А к ночи село зажгло тёплые окна.

В одном доме.

Во втором.

В доме слева.

В доме справа.

Где-то далеко проскрипели чьи-то шаги.

Настороженно перекликнулись дворовые собаки...

Любой-любой человек, выйдя в это время на своё крыльцо, без ошибки назовёт имя хозяина каждой собаки. Но никто-никто не узнает, чьи это проскрипели где-то шаги.

Он, этот любой человек, оглядев  припорошенные первым снегом дома соседей, их сады и небо над головой, может даже воскликнуть:

- Бог ты мой! Ах, ах, ах!.. А звёзды-то, звёзды!
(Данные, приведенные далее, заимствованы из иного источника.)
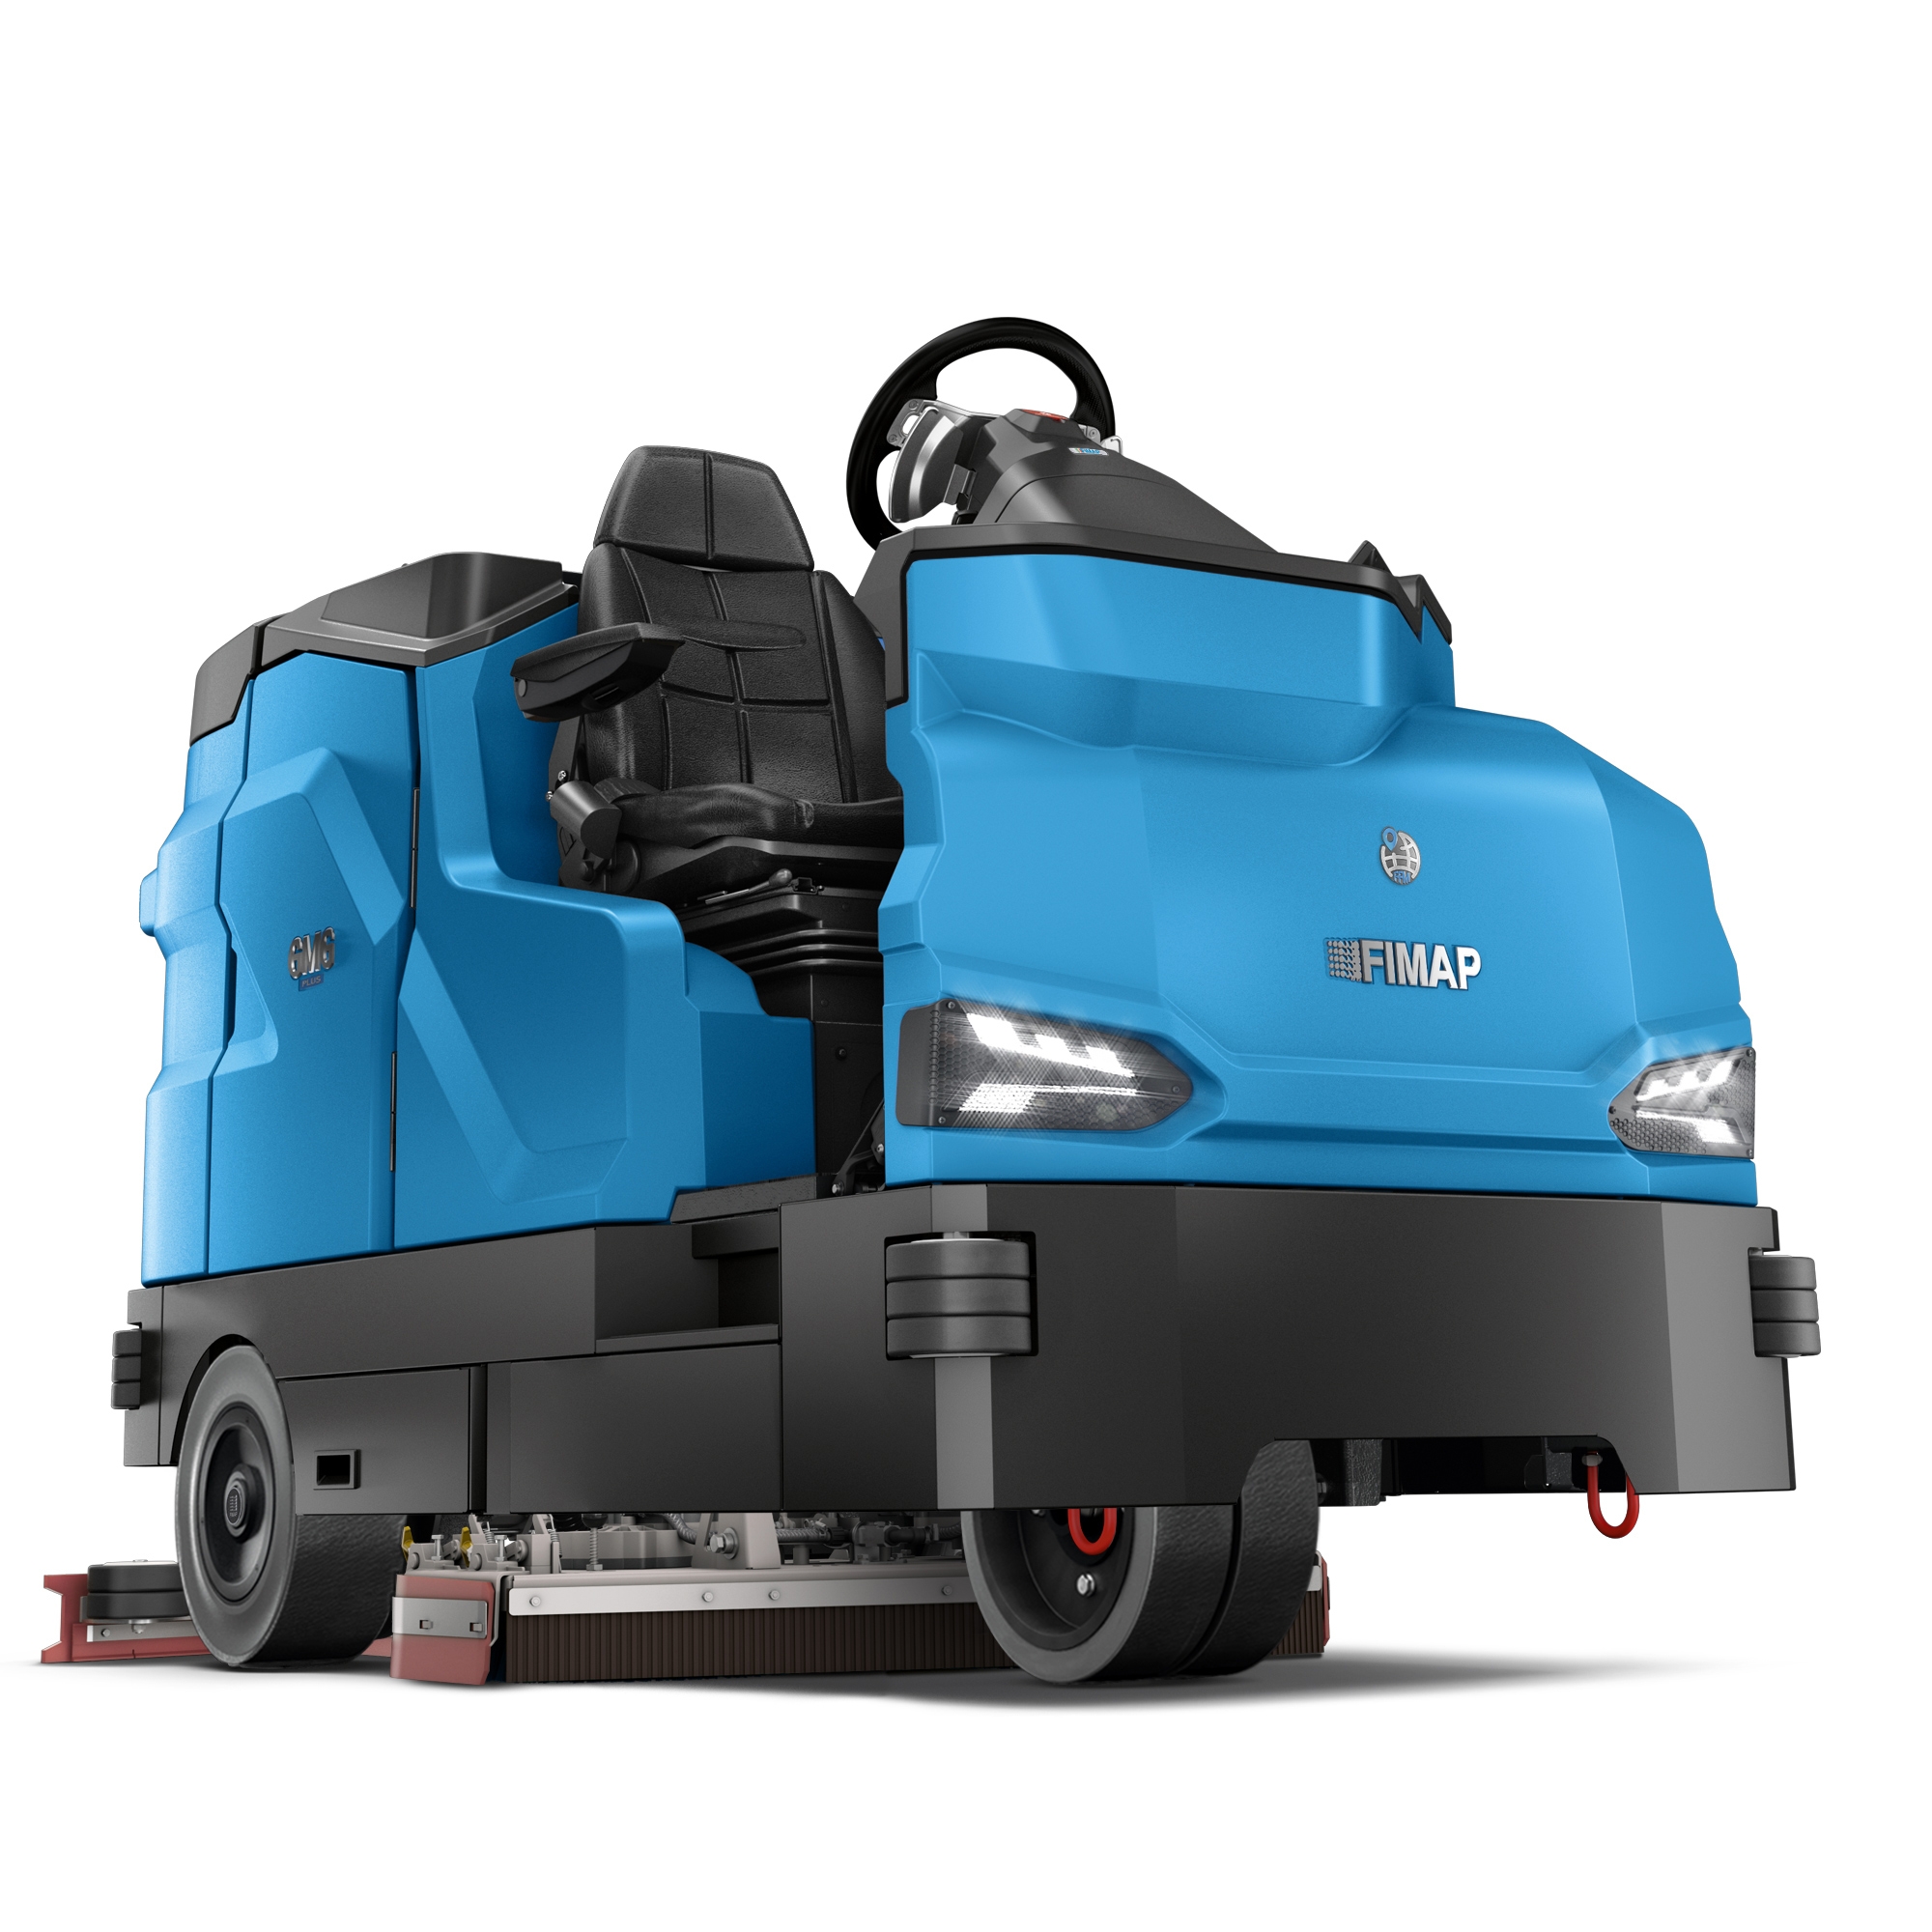 Fimap Gmg Pro Ride-On Scrubber Dryer

А луна!.. Просто зимняя сказка!

Но никто не скажет, чьи это где-то скрипят так шаги.

А они, эти шаги, оставляя чистый след от ботинок на нетронутом никем первоснеге,  уже замерли у приветливых окон дома Феличии и Захарии Бургиу.

«- Я, знаете, чего бы хотела? – спросила когда-то в моей миниатюре молоденькая беременная жена-молдаванка Феличия, усаживаясь на охапку сена в телеге.

Её зрелый муж Захария подоткнул под неё выбившееся одеяло.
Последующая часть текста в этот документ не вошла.